Actor-Critic, A2C and A3C

Abstract. REINFORCE estimates the policy gradient with Monte Carlo returns. A learned value function can reduce variance as a baseline, but the update still waits for the rest of the episode. Actor-critic methods take the next step: the value function becomes a critic that bootstraps the learning signal, so the actor can update from TD-style advantages. A2C is the clean synchronous version of this idea; A3C is the further asynchronous version that made deep on-policy actor-critic practical.

The previous chapter defined the true advantage as

A^\pi(s,a) = Q^\pi(s,a) - V^\pi(s).

This is the quantity we want in the policy-gradient update. Positive advantage means that the action was better than the policy's usual behavior in that state; negative advantage means worse. In an algorithm, we do not know $Q^\pi(S_t,A_t)$ or $V^\pi(S_t)$ exactly. REINFORCE estimates the $Q^\pi$ part with the sampled return $G_t$ , because the return after taking $A_t$ in $S_t$ is an unbiased sample of the action value:

\mathbb{E}_\pi[G_t \mid S_t,A_t] = Q^\pi(S_t,A_t).

If we also train a learned value baseline $V_w(S_t)$ , we subtract it from that sampled return before updating the policy so that we achieve Advantage form. This is still a Monte Carlo policy-gradient method. The return $G_t$ is computed from rewards observed later in the same episode:

G_t = R_{t+1} + \gamma R_{t+2} + \gamma^2 R_{t+3} + \cdots.

The value function is only subtracted after the return has been observed. It reduces variance, but it does not help build the target itself. Long episodes still produce noisy learning signals, and the update for an early action still depends on many later random events.

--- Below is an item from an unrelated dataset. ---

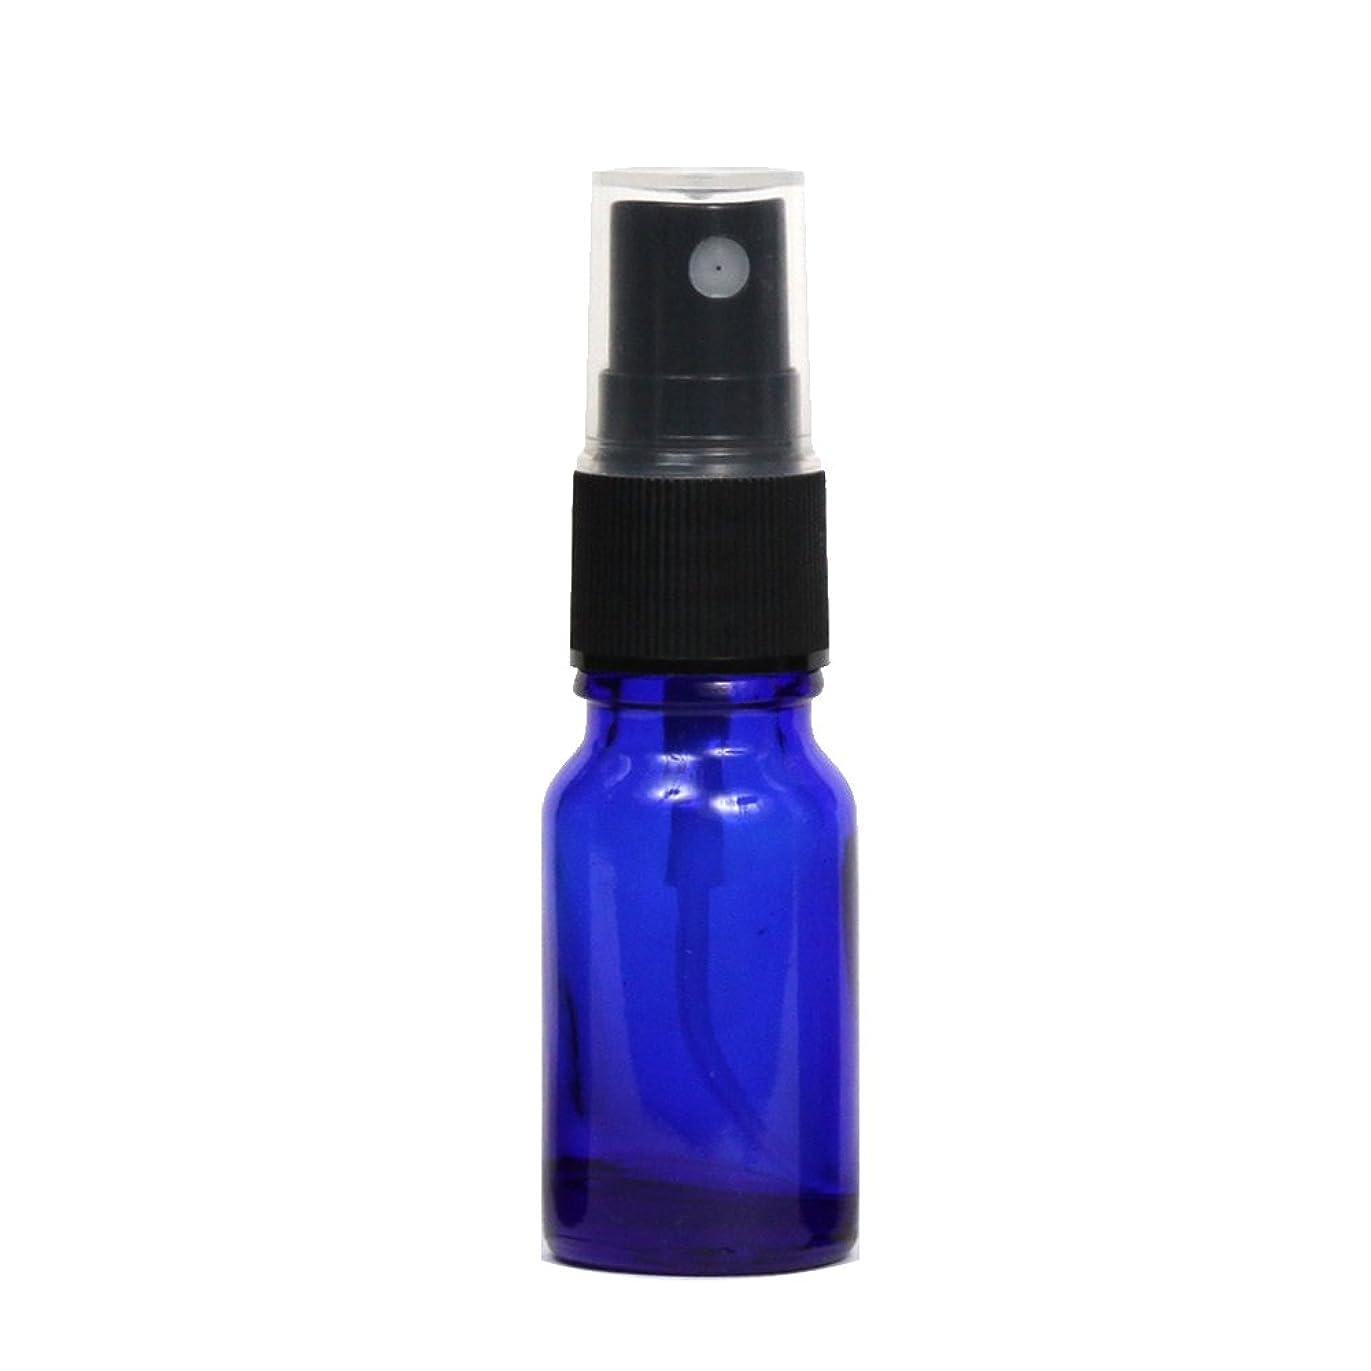 暫定気候の山マリンスプレーボトル ガラス瓶 10mL 遮光性ブルー ガラスアトマイザー 空容器

Actor-critic methods change that role. The value function stops being only a baseline and becomes a critic: a learned estimate used to bootstrap the actor's training signal.

From Baseline to Critic

The remaining question is how to move from "sample the whole future return, then subtract a baseline" to a bootstrapped critic. Actor-critic replaces the full future return $G_t$ with a one-step target:

y_t = R_{t+1} + \gamma V_w(S_{t+1}).

If $S_{t+1}$ is terminal, the bootstrap term is zero. The corresponding advantage estimate is

\hat A_t = y_t - V_w(S_t) = R_{t+1} + \gamma V_w(S_{t+1}) - V_w(S_t).

This quantity is the TD residual, often written as

\delta_t = R_{t+1} + \gamma V_w(S_{t+1}) - V_w(S_t).

The interpretation is direct. The critic predicted that state $S_t$ was worth $V_w(S_t)$ . After taking action $A_t$ , the agent observed one reward and landed in a new state worth about $V_w(S_{t+1})$ . If reward plus next value is larger than the old prediction, then the action was better than expected. If it is smaller, the action was worse than expected.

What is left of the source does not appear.